VOC adalah armada perdagangan transnasional, terutama membawa kayu dan rempah-rempah dari Hindia Belanda. Sebagai armada perdagangan tentu membawa komditas dari luar Hindia Belanda. Tanaman Kopi merupakan yang dibawa oleh VOC dari India Selatan yang ternyata cocok untuk ditanam di dataran tinggi Priangan. Bukan sekedar armada perdagangan, VOC juga adalah perwakilan negara yang diberi mandat pula untuk penguasaan wilayah, termasuk dengan melakukan perundingan hingga berperang. Pada mulanya mereka memborong beli hasil produksi petani, tapi apa yang awalnya berupa transaksi komersial berubah menjadi penyetoran paksa melalui penguasa-penguasa pribumi.

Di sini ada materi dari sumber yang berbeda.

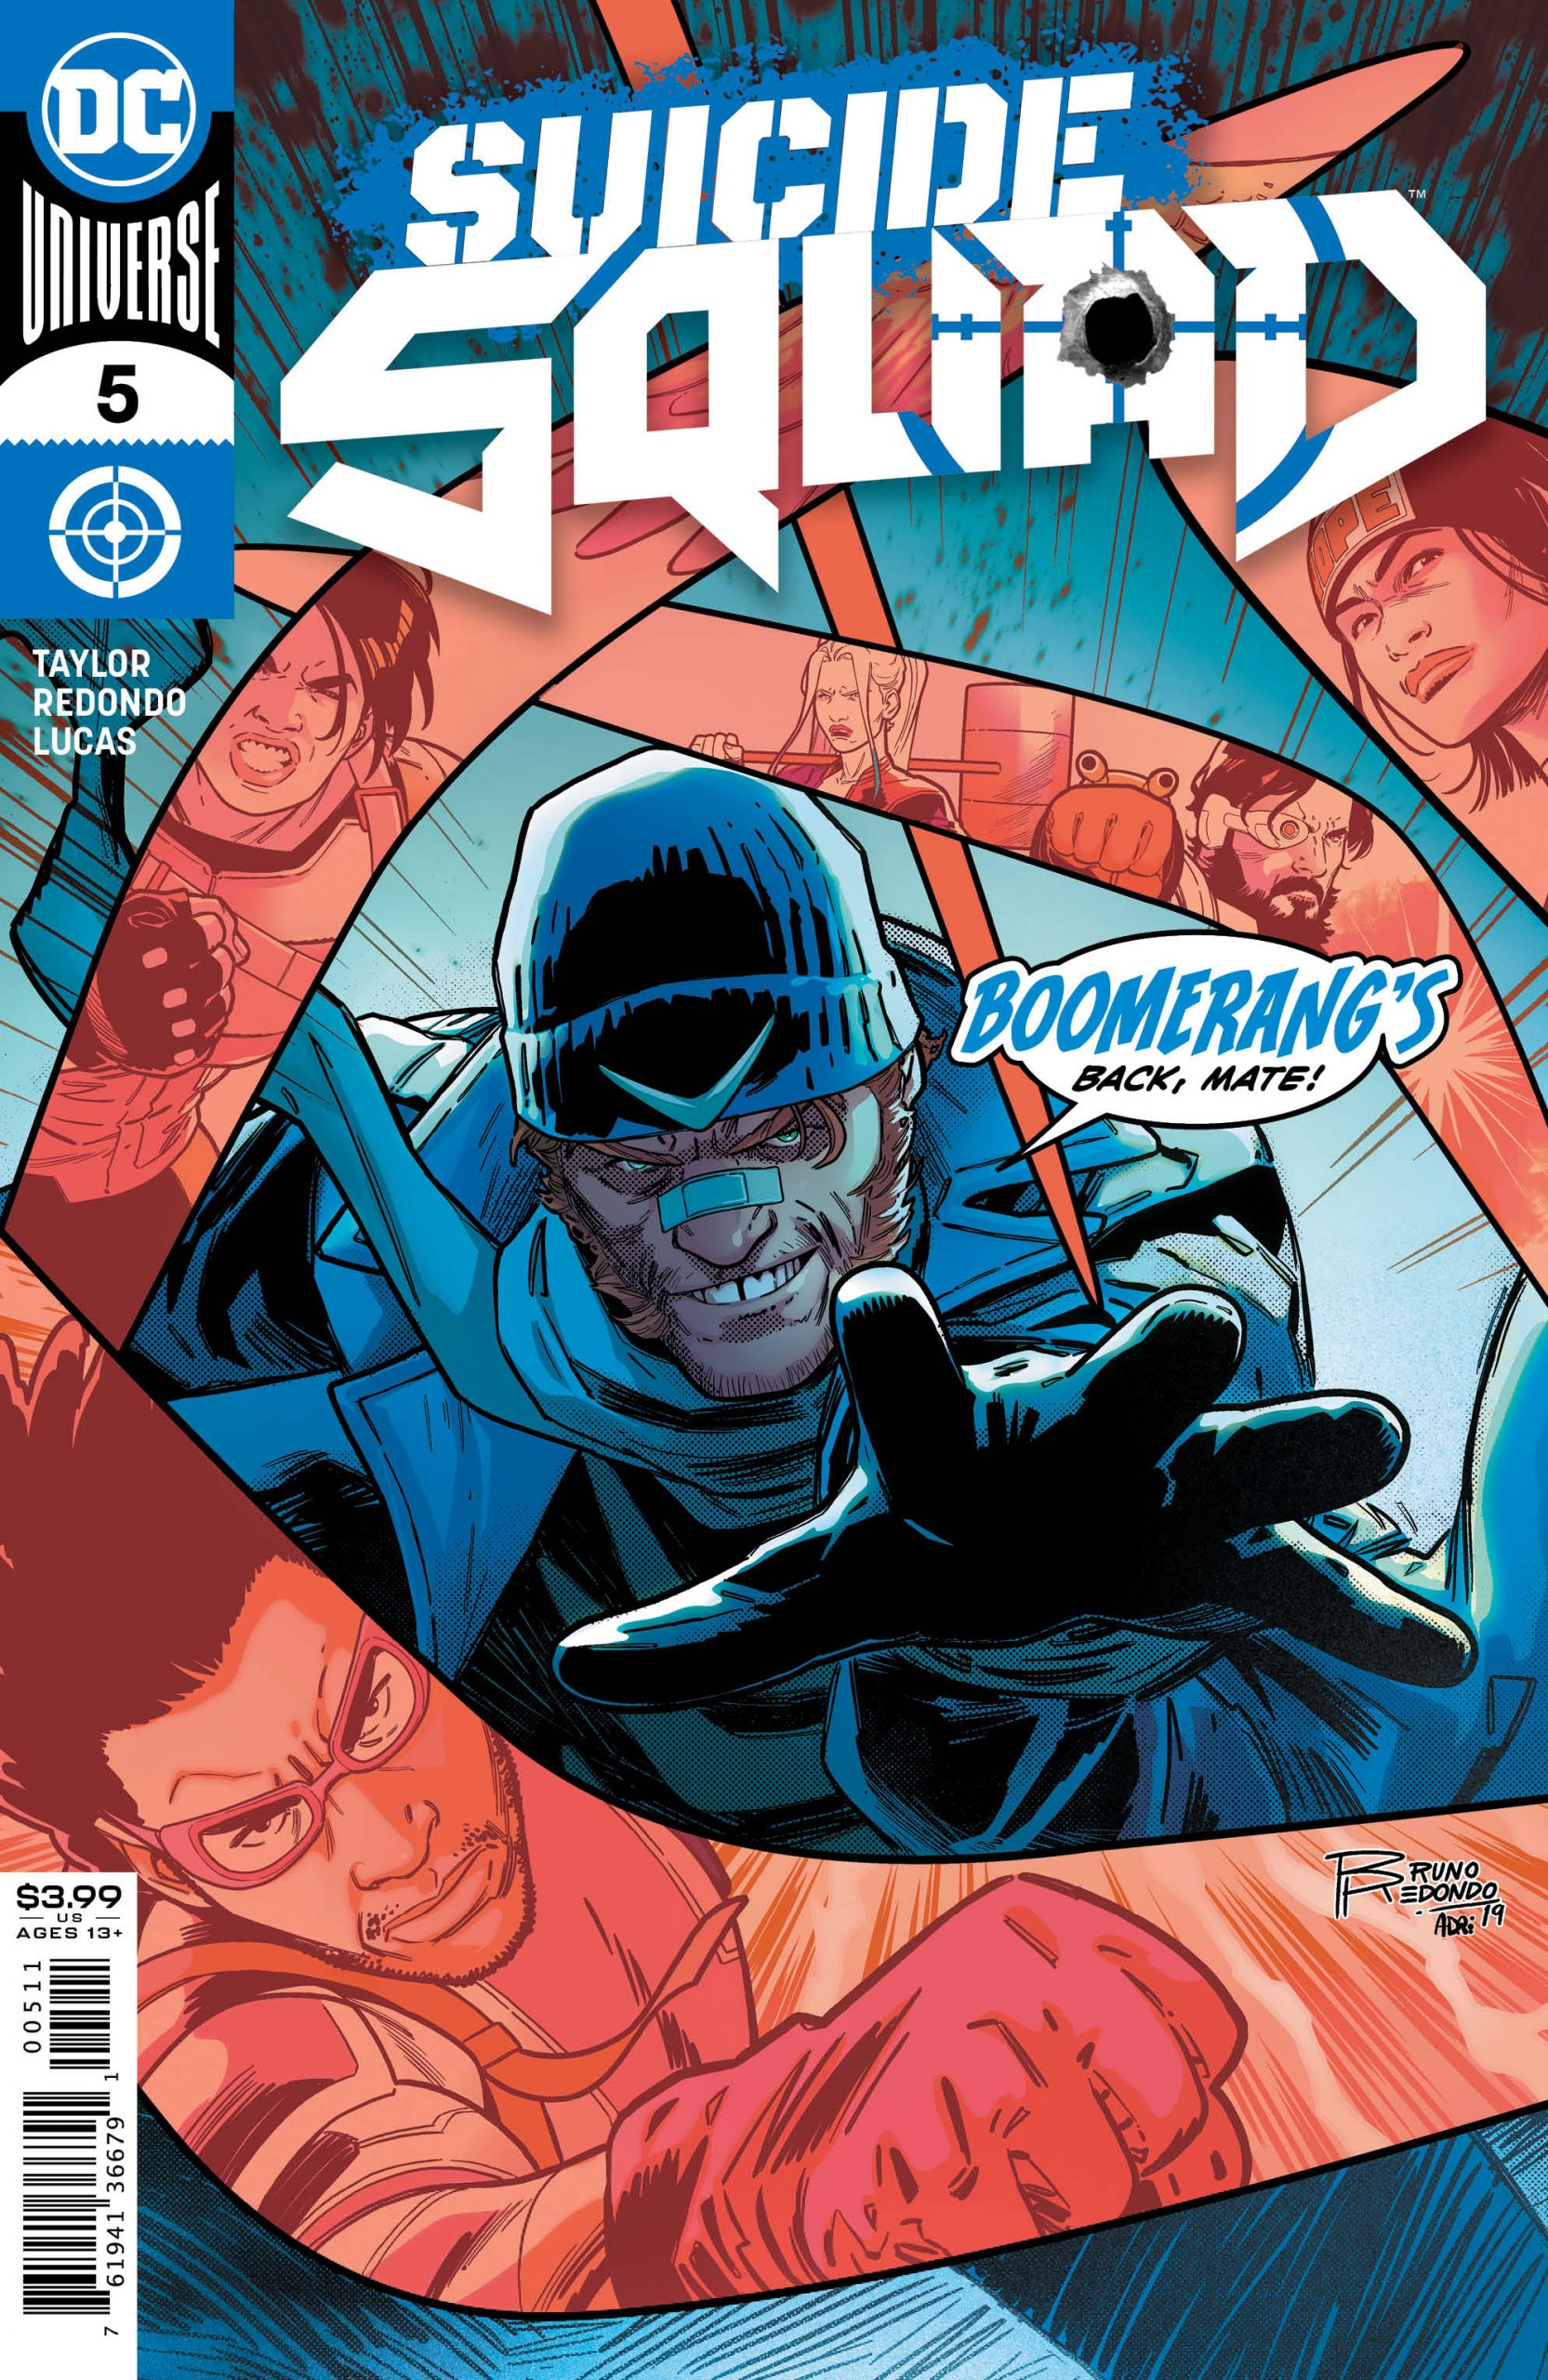 Suicide Squad #5 Cover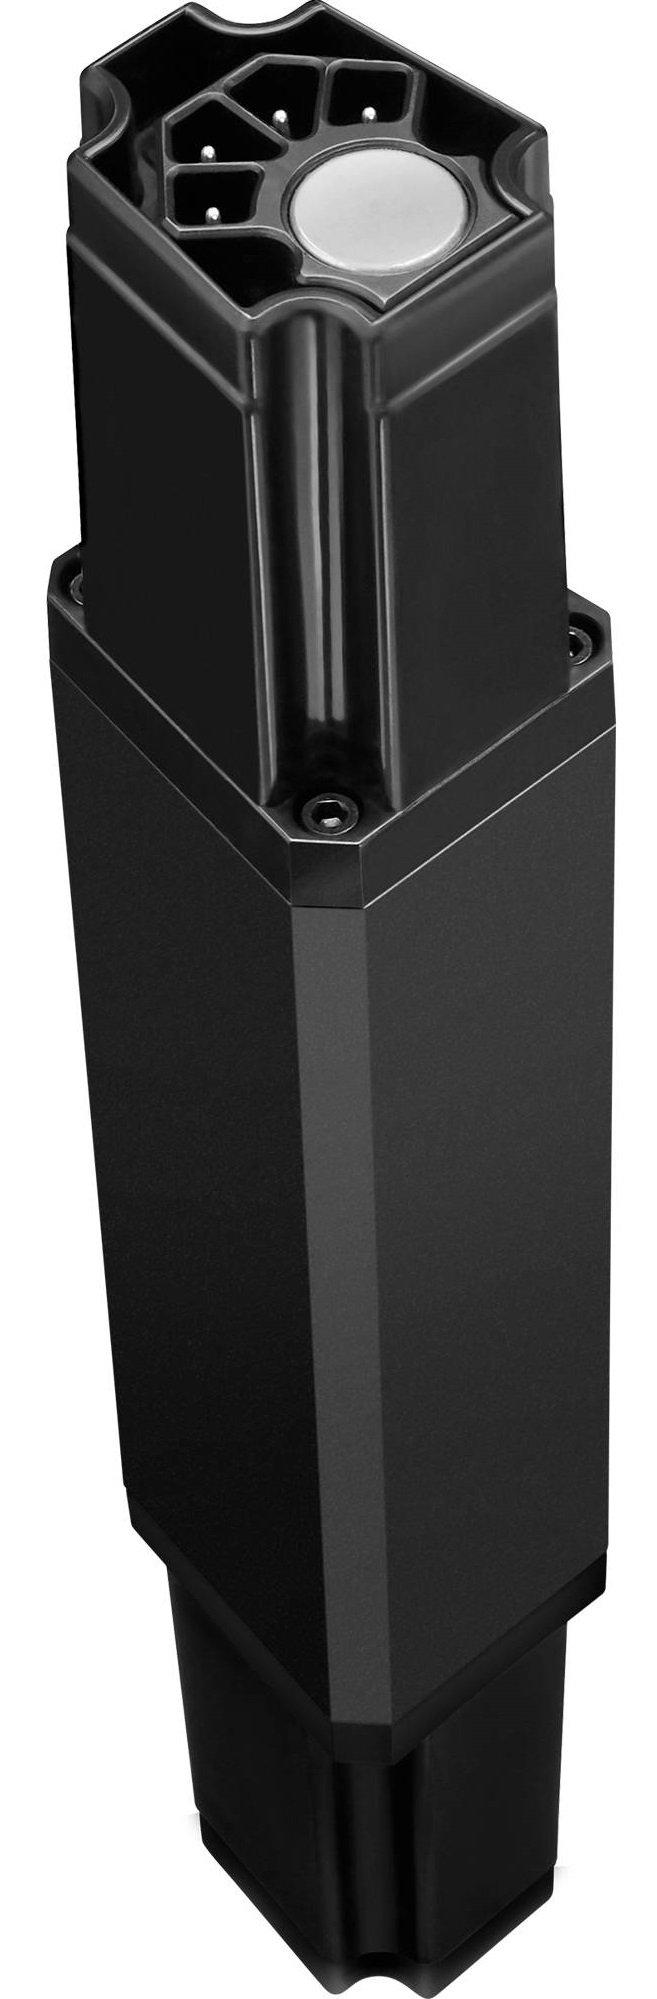 electro-voice-short-column-speaker-pole-for-the-evolve50.jpeg

Pun ketika VOC bangkrut dan diganti oleh pemerintah kolonial, cara penjajahan melalui penguasaan tidak langsung tetap diteruskan. Pemerintah Hindia Belanda mengambil-alih penguasaan atas wilayah Priangan itu melanjutkan dan memperluasnya, dan melanjutnya cara memaksa petani menyerahkan tanah garapannya, berhuma dilarang, penduduk tinggal di desa-desa dan menjadi sumber tenaga kerja membuka hutan, mengerjakan kebun kopi dari menanam, merawat, panen dan menyerahkan panennya. Semua berupa paksaan. Ini semacam perbudakan. Kopi memang pahit buat rakyat Priangan.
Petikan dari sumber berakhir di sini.